## Exercise requirements
Without including any pictures, write out the data below exactly.

## Information provided
══════

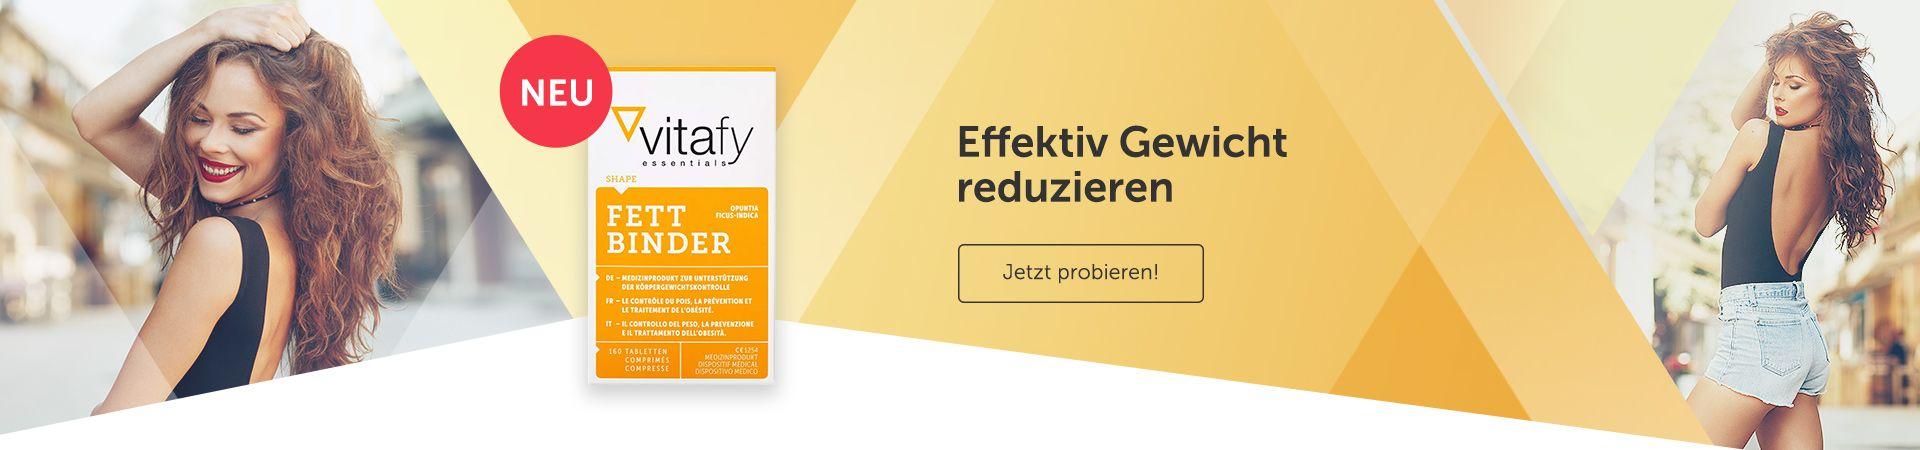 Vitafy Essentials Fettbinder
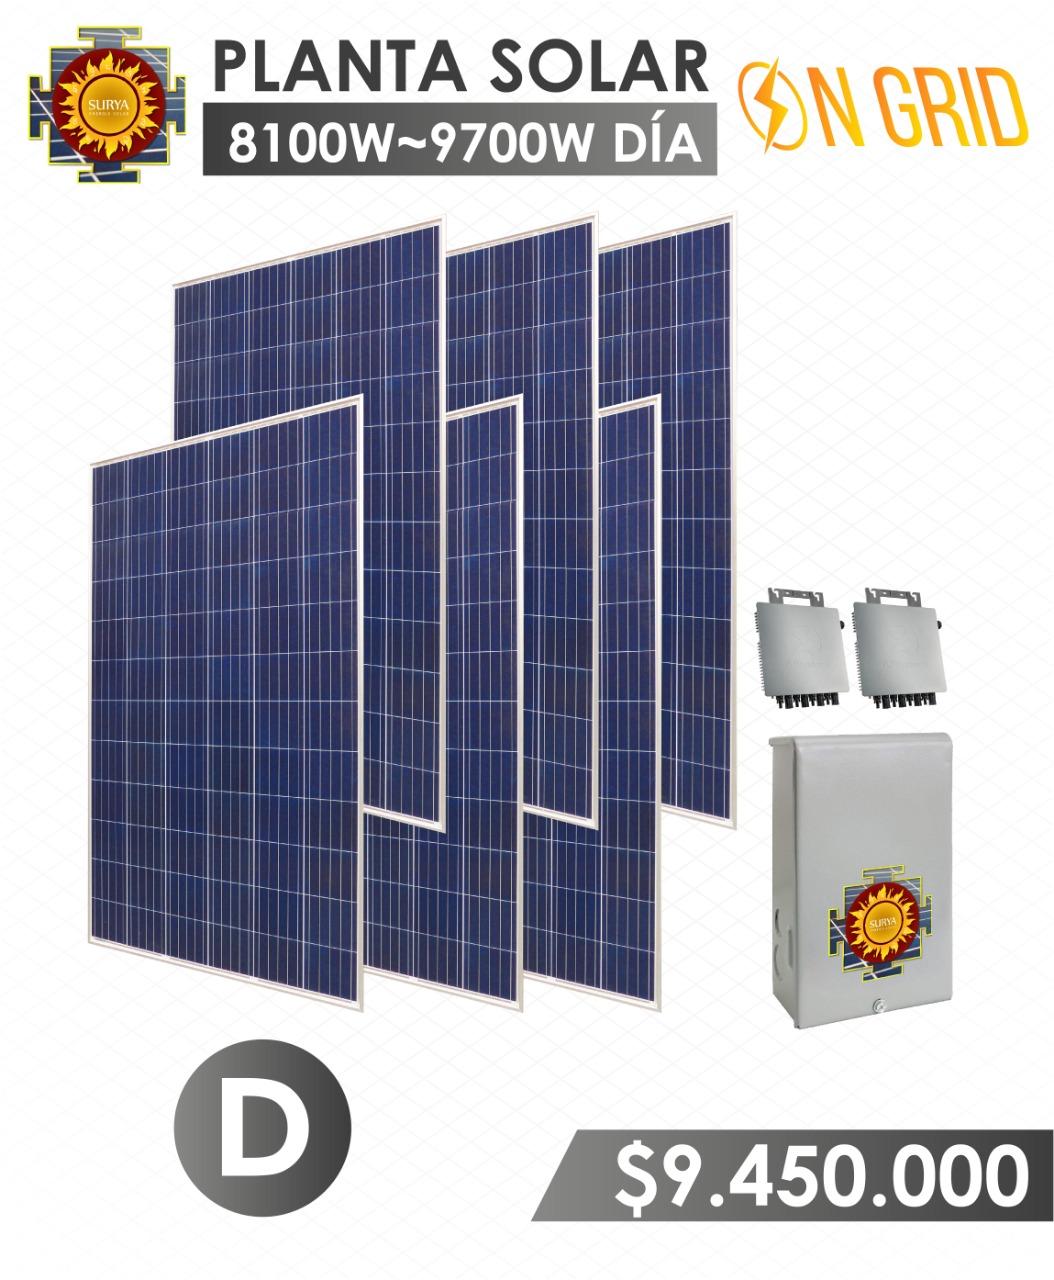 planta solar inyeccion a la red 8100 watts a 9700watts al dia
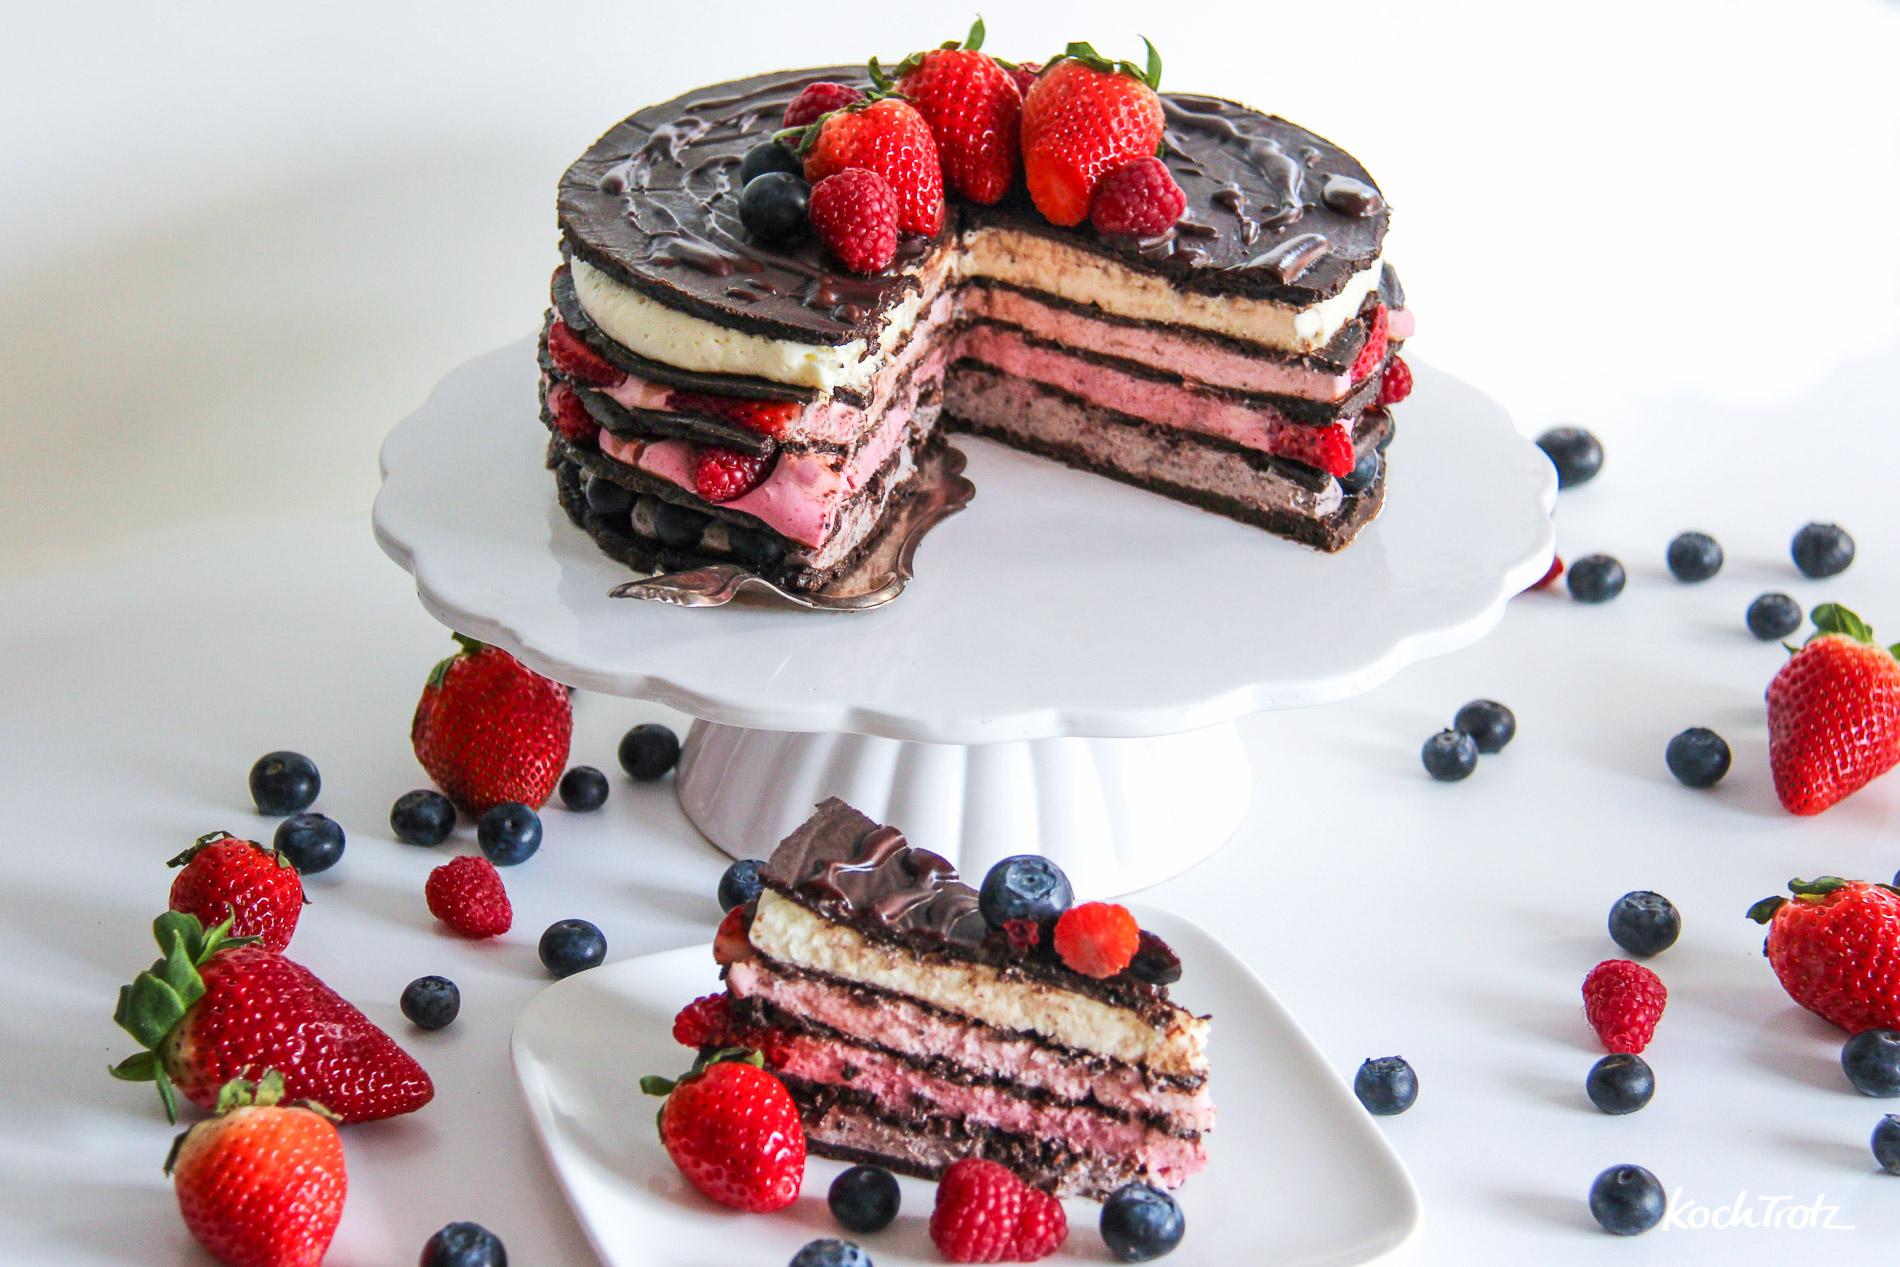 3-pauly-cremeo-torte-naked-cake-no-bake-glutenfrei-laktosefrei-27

══════

## Answer to the problem
 Vitafy Essentials Fettbinder
 planta solar inyeccion a la red 8100 watts a 9700watts al dia
 3-pauly-cremeo-torte-naked-cake-no-bake-glutenfrei-laktosefrei-27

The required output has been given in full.